CIP Webinar: Climate Credits and Climate Leadership

As the 1.5°C limit of the Paris Agreement soon approaches, GHG emissions need to be reduced and mitigated before undoable damage occurs.
There’s no doubt that many companies are working hard to reduce their emissions, but there are some emissions they cannot yet abate.
One way to take responsibility for this is by purchasing carbon credits.
The thing about carbon, compared to other sources of pollution, is that it doesn’t matter to the atmosphere where in the world it is reduced.
This means that while companies focus on internal reductions, they can also legitimately fund external carbon projects to remove, reduce or avoid GHG emissions.
This is a way to help compensate for their unavoidable emissions, until they can eliminate them.
What is a carbon credit?
Each carbon credit is independently verified and proves that one tonne of CO₂e has been avoided or sequestered out of the atmosphere.
According to the World Economic Forum (WEF), there are three types of carbon credits:
- Those from reduced emissions (typically energy efficiency measures)
- Removed emissions (carbon capture and planting forests)
- And voided emissions (for example refraining from cutting down rainforests).
Climate Impact Partners: “While there have been debates about the right way to use carbon credits, experts now generally agree that high quality credits, used alongside internal reductions, are an important tool to compensate for residual emissions as a company transitions to Net Zero.”
Fortune Global 500 (FG500) research shows that 72% of FG500 companies now have at least one climate commitment and that net zero is now established as the dominant framework.
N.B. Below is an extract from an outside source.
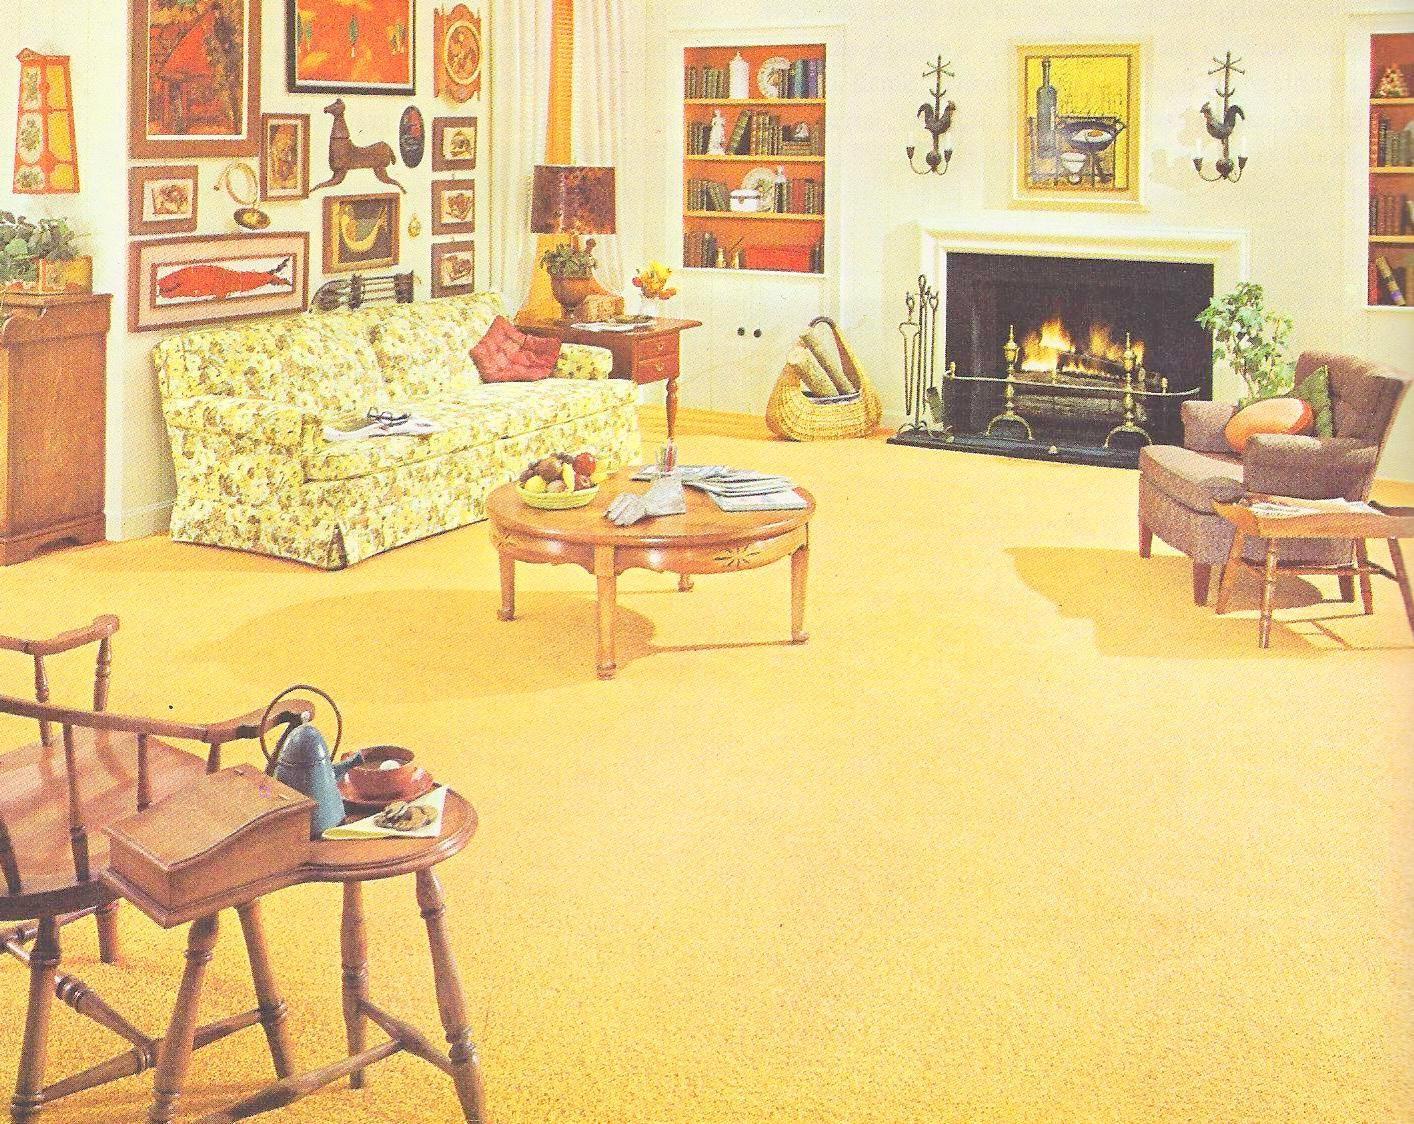 1960s Vintage Home Decor   Vintage house, 1960s home decor ...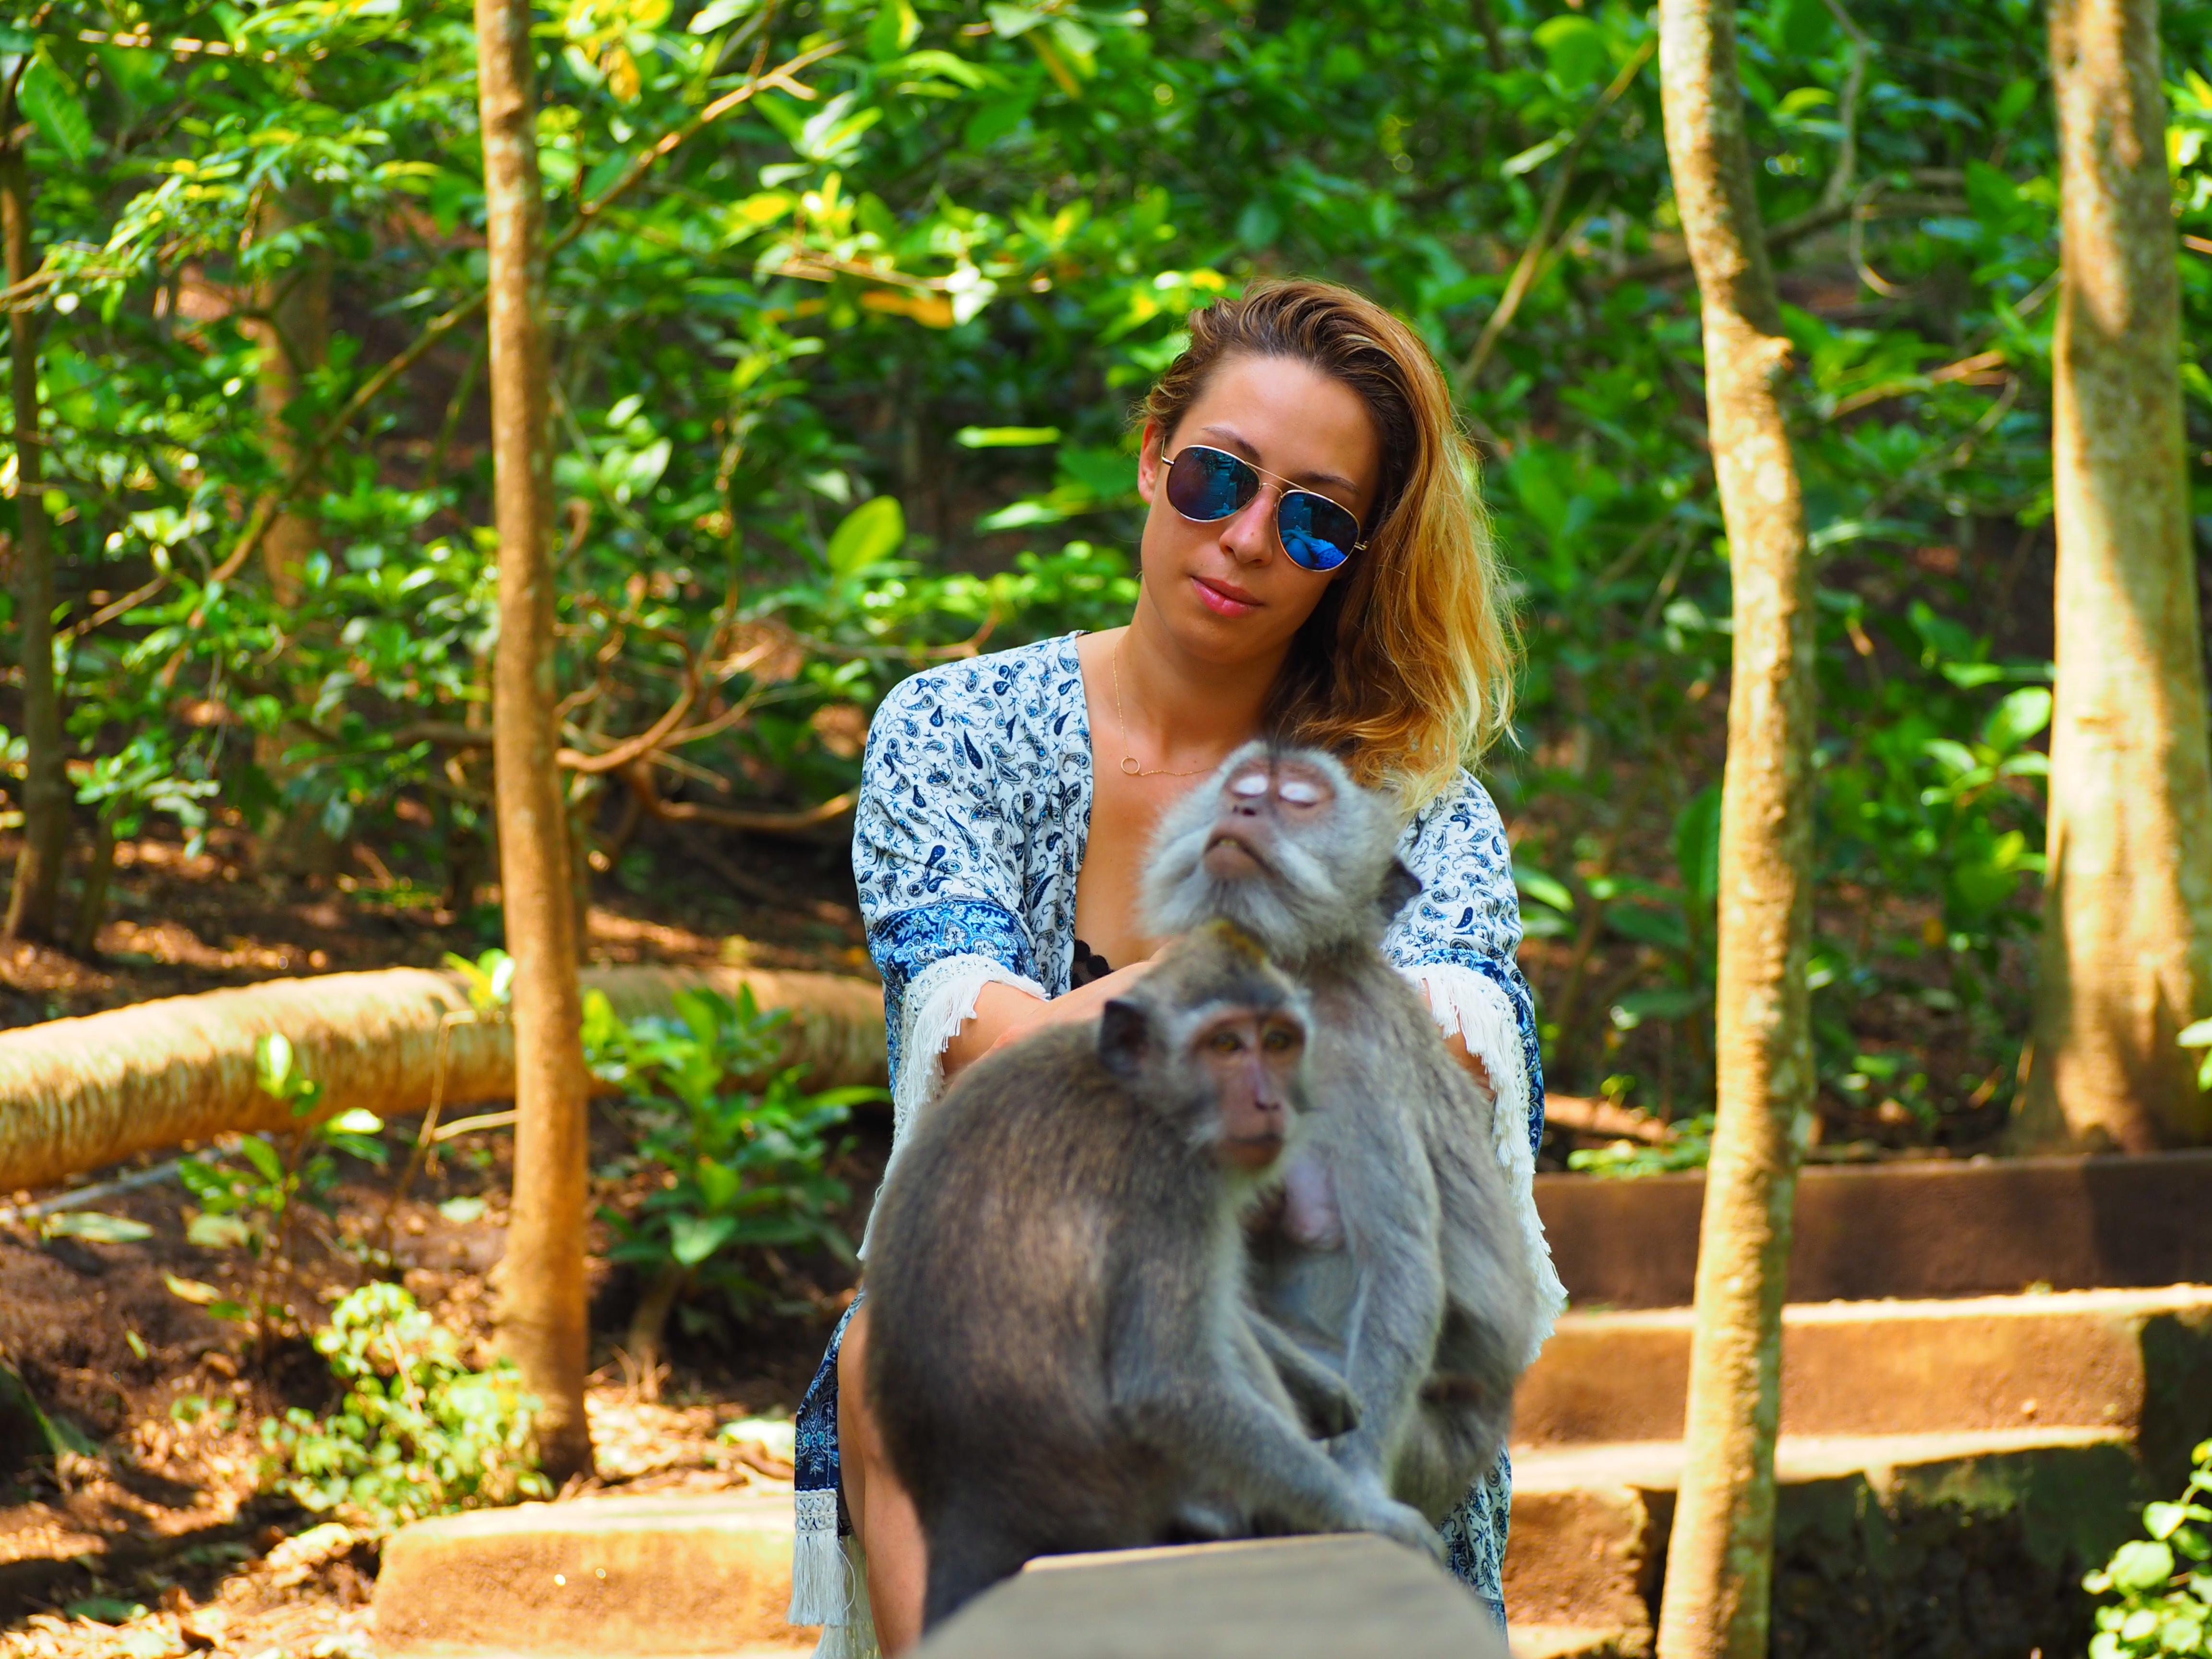 Moje 5 top rzeczy do zrobienia w Ubud, Bali

It also shows how companies are increasingly planning to use carbon credits as part of their climate strategy.
Taking place on 30 June at 4pm BST, the webinar, Setting the pace: Carbon Credits and Climate Leadership in the Fortune Global 500, is set to host experts on climate commitments and frameworks and discuss the role of carbon credits.
Carbon credits and climate change
Climate Impact Partners states that not only do carbon credits enable critical finance to flow to decarbonisation projects, they can also direct this finance to projects that also restore nature and biodiversity and support communities around the world.
Other organisations are also opening up engagement in carbon markets, for example the SBTi has recently included pathways to use carbon credits into its revised net zero standard.
According to WEF, the European Union is considering whether to reintroduce carbon credits into its climate goals.
Climate Impact Partners concludes: As net zero targets loom closer, companies also need to act now to secure the removals credits they will need at the point of net zero.
Now is a great time for CSOs to set up the right long term partnerships they will need to get the right credits at the right price.
CIP is a carbon market expert with almost 30 years of experience, helping companies of all sizes to reach their sustainability targets.
The carbon experts provide carbon credits, energy attribute certificates and sustainable aviation fuel to help organisations reach climate goals.
Carolyn Bacchus, Senior Client Solutions VP, ClP and Ben Wielgus, Sustainability Director, Informa are set to bring research insight and real-world implementation experience to the conversation.
Whether attendees are refining climate strategies or looking to benchmark progress, the session is set to provide practical, data-driven insights.